Problem description: Reproduce exactly the line with "OWNER’S/OPERAT OR’S MANUAL" and all the lines beneath it, stopping only at the end of the material.

Supplied records:

---+---

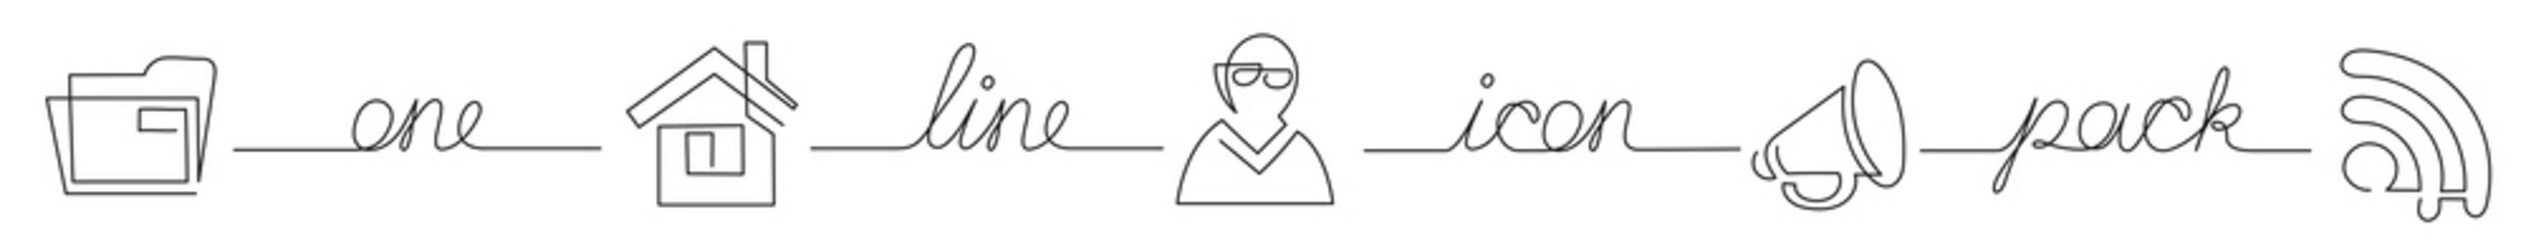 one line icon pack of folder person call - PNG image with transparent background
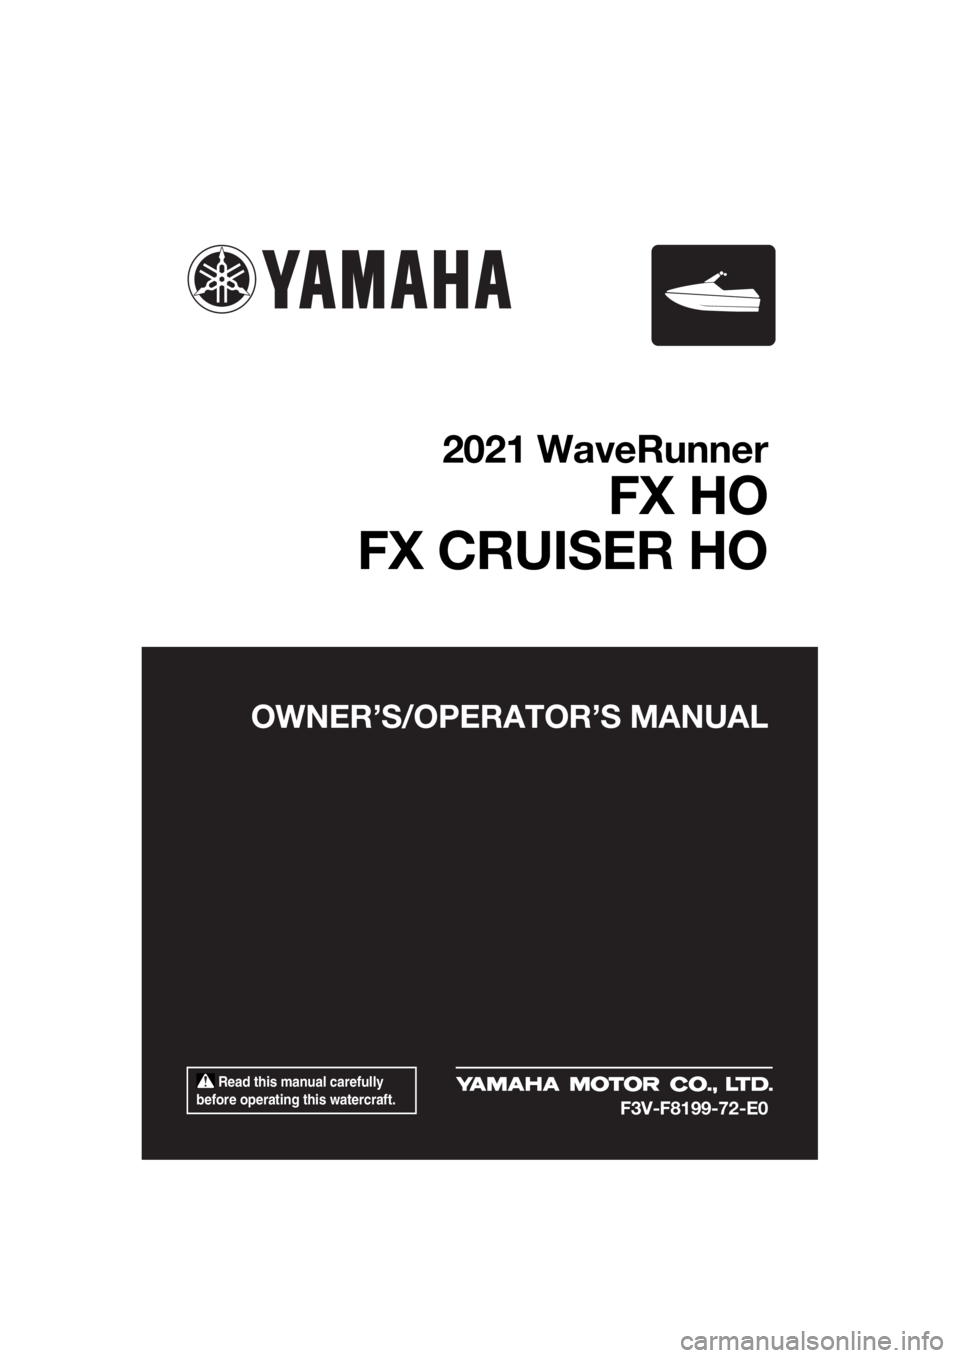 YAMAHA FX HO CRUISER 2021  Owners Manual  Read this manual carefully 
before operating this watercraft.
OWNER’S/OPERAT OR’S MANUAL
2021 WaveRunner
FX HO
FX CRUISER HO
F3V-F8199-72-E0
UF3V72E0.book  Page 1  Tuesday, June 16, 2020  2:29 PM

---+---

Solution for this exercise:
OWNER’S/OPERAT OR’S MANUAL
2021 WaveRunner
FX HO
FX CRUISER HO
F3V-F8199-72-E0
UF3V72E0.book  Page 1  Tuesday, June 16, 2020  2:29 PM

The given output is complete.